Erst Ende der 90er-Jahre zog wieder Leben in den Beton-Zylinder ein. Der Fernsehturm wurde saniert. Während kurz vor der Wiedereröffnung des Cafés 1999 die Beleuchtung verbessert und weitere Sicherheitslücken geschlossen wurden, blieb die Identität des Erbauers weiter im Dunkeln.

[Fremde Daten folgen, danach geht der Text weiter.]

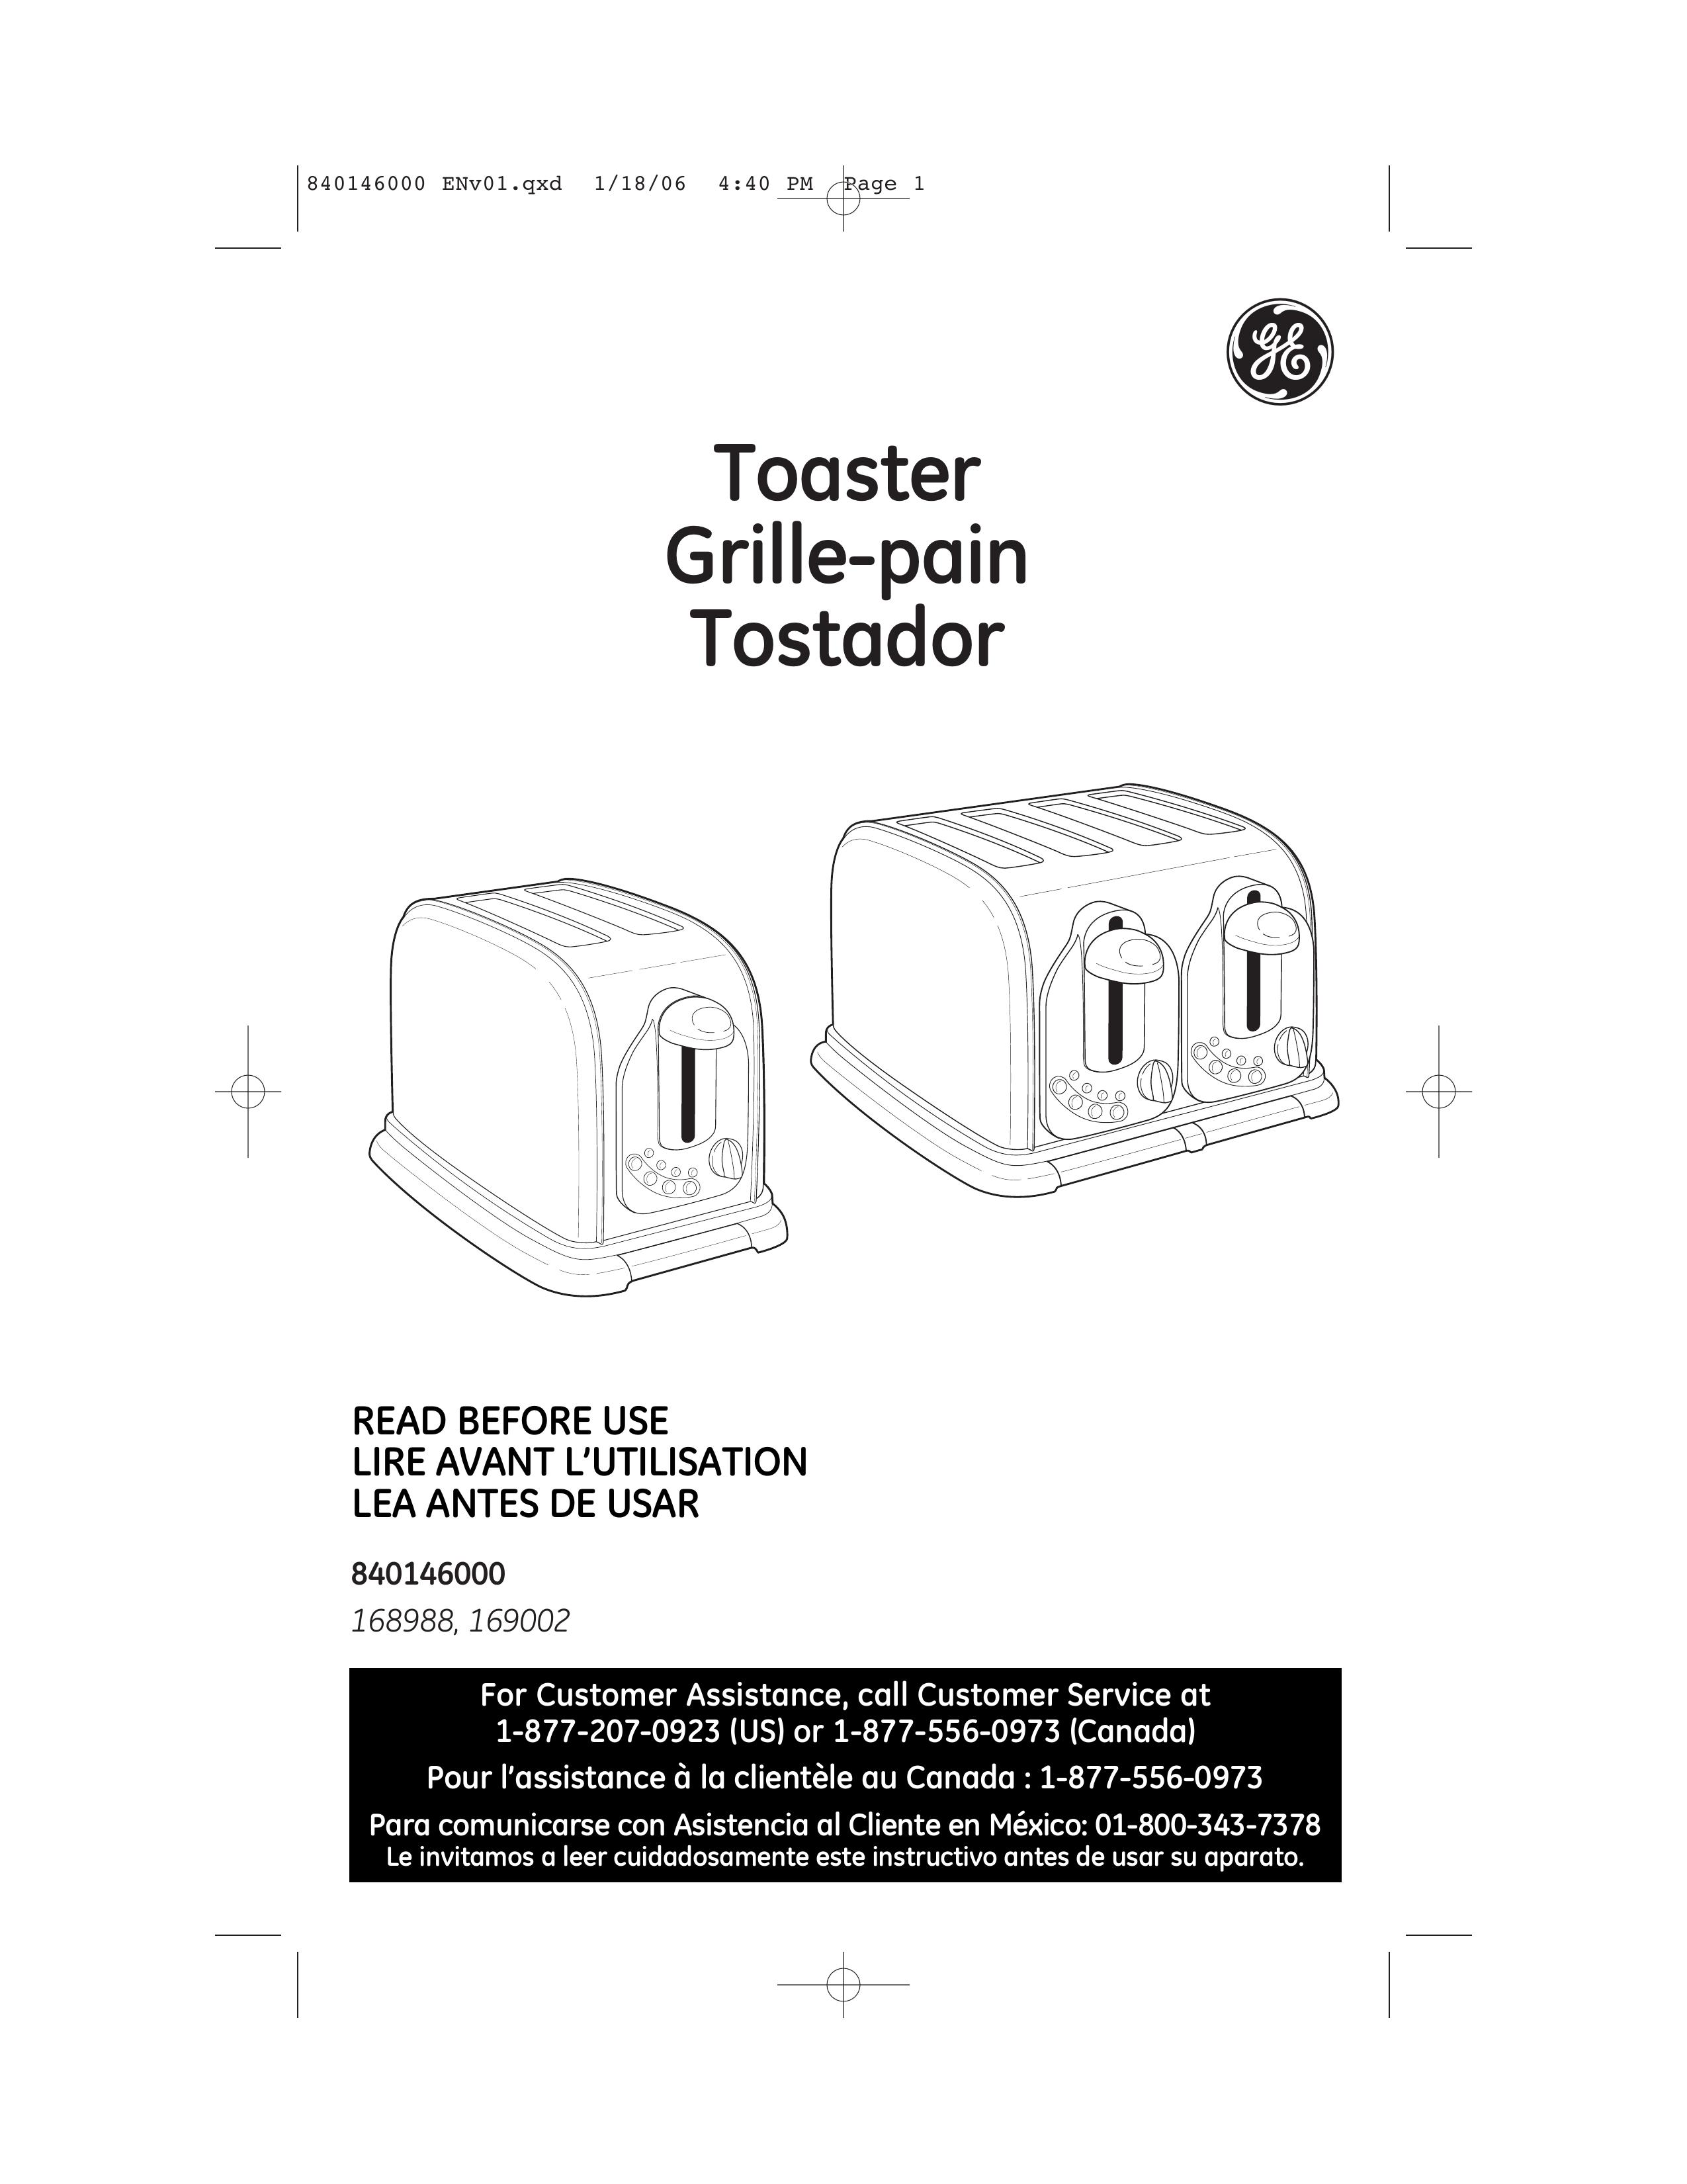 GE 840146000 Toaster User Manual
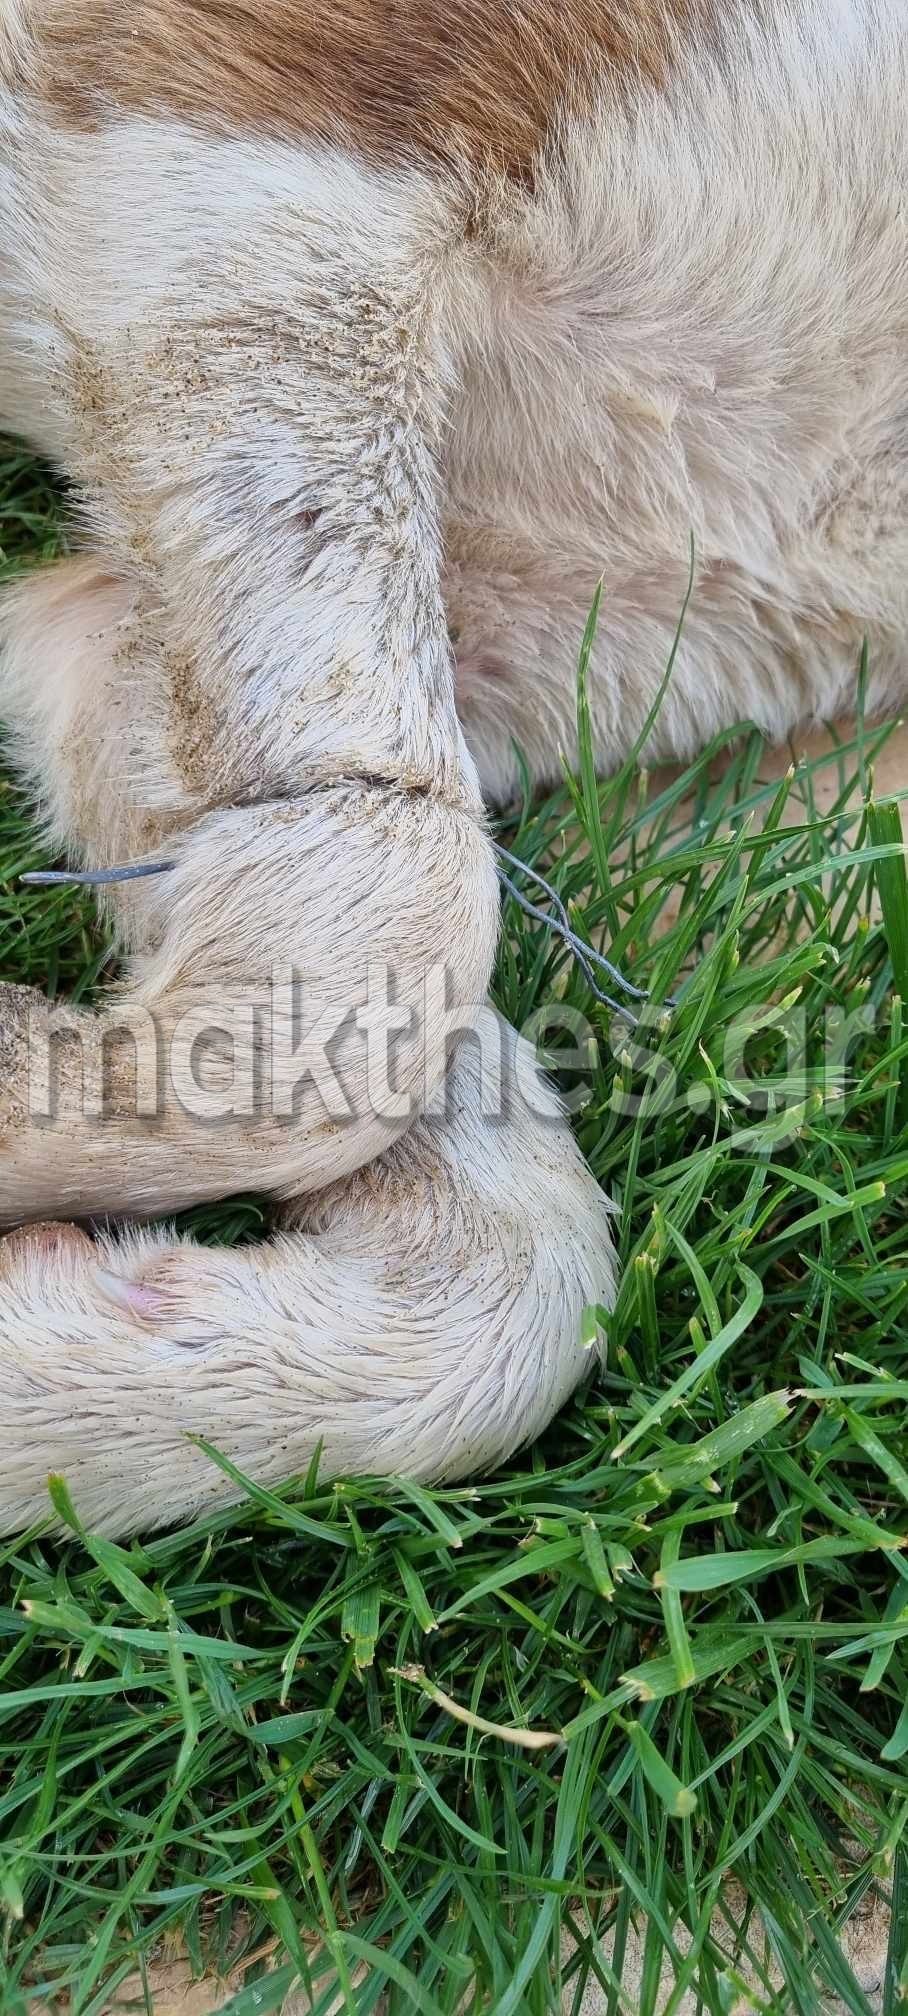 Αποτροπιασμός στη Χαλκιδική: Έδεσαν με σύρμα σκύλο και τον άφησαν στο δρόμο

Erst Jahre später erreichte eine E-Mail die Stadtverwaltung. Absender: Carsten Kollmann aus Berlin. Er wolle die Stadtgeschichte richtigstellen, in der der Architekt des Fernsehturms bislang fälschlich als unbekannt bezeichnet wurde. „Das ist mein Vater.“ Diese kurze Botschaft sollte die Geschichte des Fernsehturms ein halbes Jahrhundert nach seiner Errichtung neu beleuchten.

„Mein Vater war ein eingewanderter Wessi“, erzählt Carsten Kollmann. Fragmentarisch setzte er das Leben seines Vaters Günther Kollmann aus dessen Nachlass zusammen. Carsten Kollmans Großeltern lebten in der Tangstedter Landstraße in Hamburg-Langenhorn und schenkten dort ihrem Sohn Günther am 14. Juni 1923 das Leben. Nach der Volksschule begann er mit 15 Jahren eine Tischlerlehre, die er 1942 beendete. Günther Kollmann arbeitete als Geselle, bis er zwei Jahre später zum Krieg an die Westfront eingezogen wurde und in französische Gefangenschaft geriet. 1947 studierte Kollmann an der Landeskunstschule in Hamburg und hielt sich mit Tischlerarbeiten über Wasser.

Bis 1953 arbeitete er als selbstständiger Architekt und zog dann der Liebe zu Carstens Mutter wegen nach Ost-Berlin. Er bekam eine Stelle beim VEB Industrieprojektierung in Berlin und heiratete drei Jahre später Susi Limpert. „Vier Jahre danach wurde ich geboren“, erzählt Carsten Kollmann. Er und seine Mutter waren es, die Günther Kollmann in Ost-Berlin hielten. „Der Mauerbau hatte ihn überrascht“, sagt Carsten Kollmann. „Sonst wäre er bestimmt mit uns nach Hamburg zurückgegangen.“

So blieben Kollmanns in Berlin. Günther Kollmann wurde Mitglied im Bund Deutscher Architekten und sammelte Anfang der 60er-Jahre erste Erfahrungen in der Gleitbauweise, die zunächst bei Kühltürmen für Kraftwerke genutzt wurde und später auch beim Schweriner Fernsehturm Verwendung fand. Im Auftrag der VEB IPRO baute Günther Kollmann mit anderen Architekten an Fernsehtürmen in Dequede, im Kyffhäuser Raum und in Berlin mit. Das Schweriner Wahrzeichen entwarf der Architekt im Alleingang. Später arbeitete Günther Kollmann am „Palast der Republik“ mit.

1993 starb Günther Kollmann. Heute steht der Architekt des Schweriner Fernsehturms auch in der Stadtchronik.